How to Get the Most Benefit From Strength Training

Strength training increases muscle mass and, over time, helps you to get stronger and improve your performance. It also helps reduce your risk of injury when used to help with recovery from sports injuries or illness. However, if you are new to exercise or have any health concerns, consult your doctor or physiotherapist before beginning a strength training program.

Before starting your program, it is important to warm up for about five minutes by doing some light cardio activity such as cycling or rowing, and stretching for the muscles you are about to exercise. This helps prevent injury by getting blood flowing to the muscles and making them more pliable.

A trained fitness instructor or gym staff can help you with your strength-training programme. They can guide you through the correct technique and demonstrate how to use equipment safely. They can also help you to learn the best exercises for your needs, including those that address specific sporting goals or conditions.

In a strength-training session strength training Orland CA, the goal is to do as many repetitions of an exercise as you can without fatigue or pain. Your trainer will help you to set a target number of repetitions for each exercise, known as your one-repetition maximum (1RM). This is the heaviest weight that you can lift for just one repetition with good form. This is a useful measure of your current strength and can be tracked as you progress through a strength-training program.

To get the most benefit from a strength-training session, you should aim for about two to three sets of 8 to 12 repetitions per exercise. However, the optimum range varies from person to person.

Generally, you should aim to do a few sets of each major muscle group two to three times a week. For example, a chest, shoulders and triceps workout in session one, a back, biceps and abdominal muscles workout in session two and a leg-based workout in session three.

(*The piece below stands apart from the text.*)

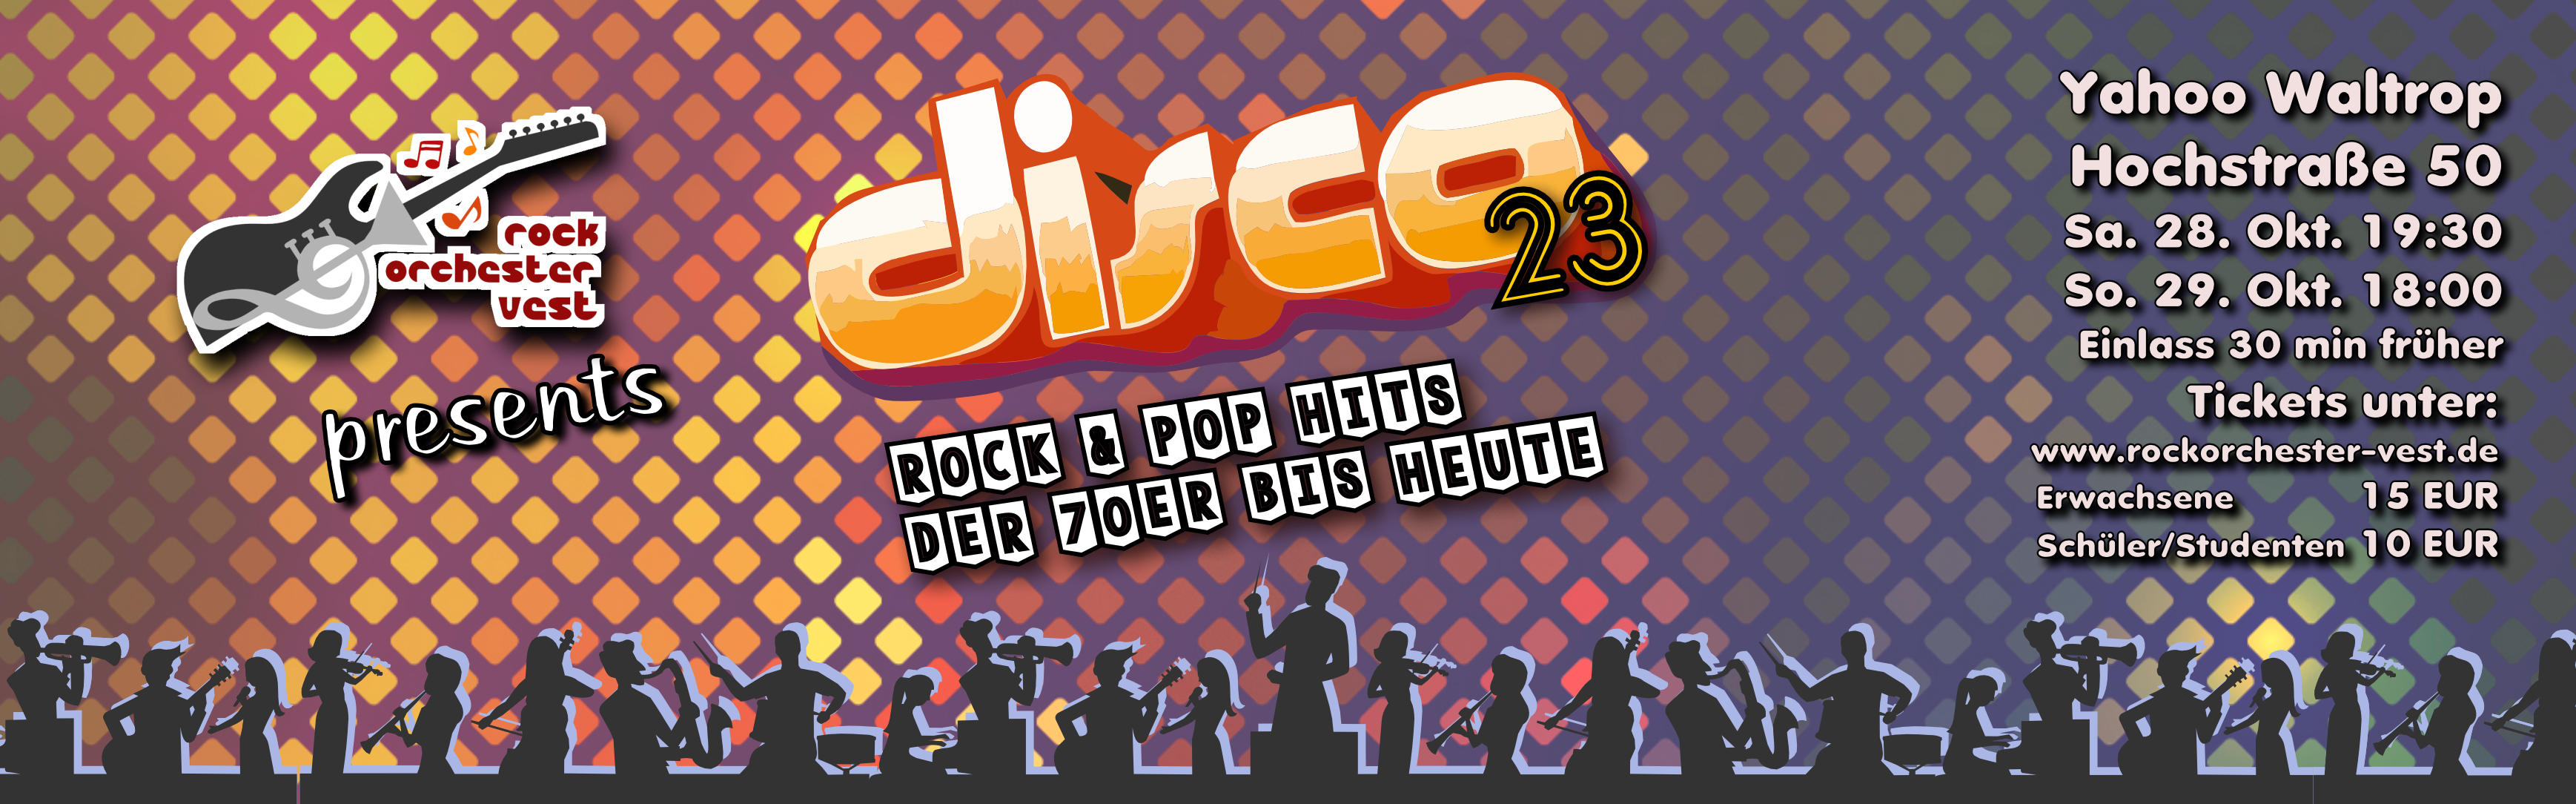 disco23_banner_ticket_big

You can make your sessions more challenging by gradually increasing the amount of resistance or the number of repetitions. The optimum weight for each exercise differs, but the general rule is to choose a weight that tires the targeted muscle or muscles by the last few repetitions. It is also important to maintain good form when working with weights and varying the exercise tempo (for example counting to three while lowering an arm and then counting to three to return it to its starting position).

You can level up your workouts at home by adding equipment such as free weights, hand weights, a suspension trainer like a TRX and/or resistance bands. These are easy to store and can be used in the privacy of your own home. You can also find a range of free weights and suspension trainers at most fitness retailers. For safety, always use equipment under supervision and never exceed the recommended maximum loads for each exercise.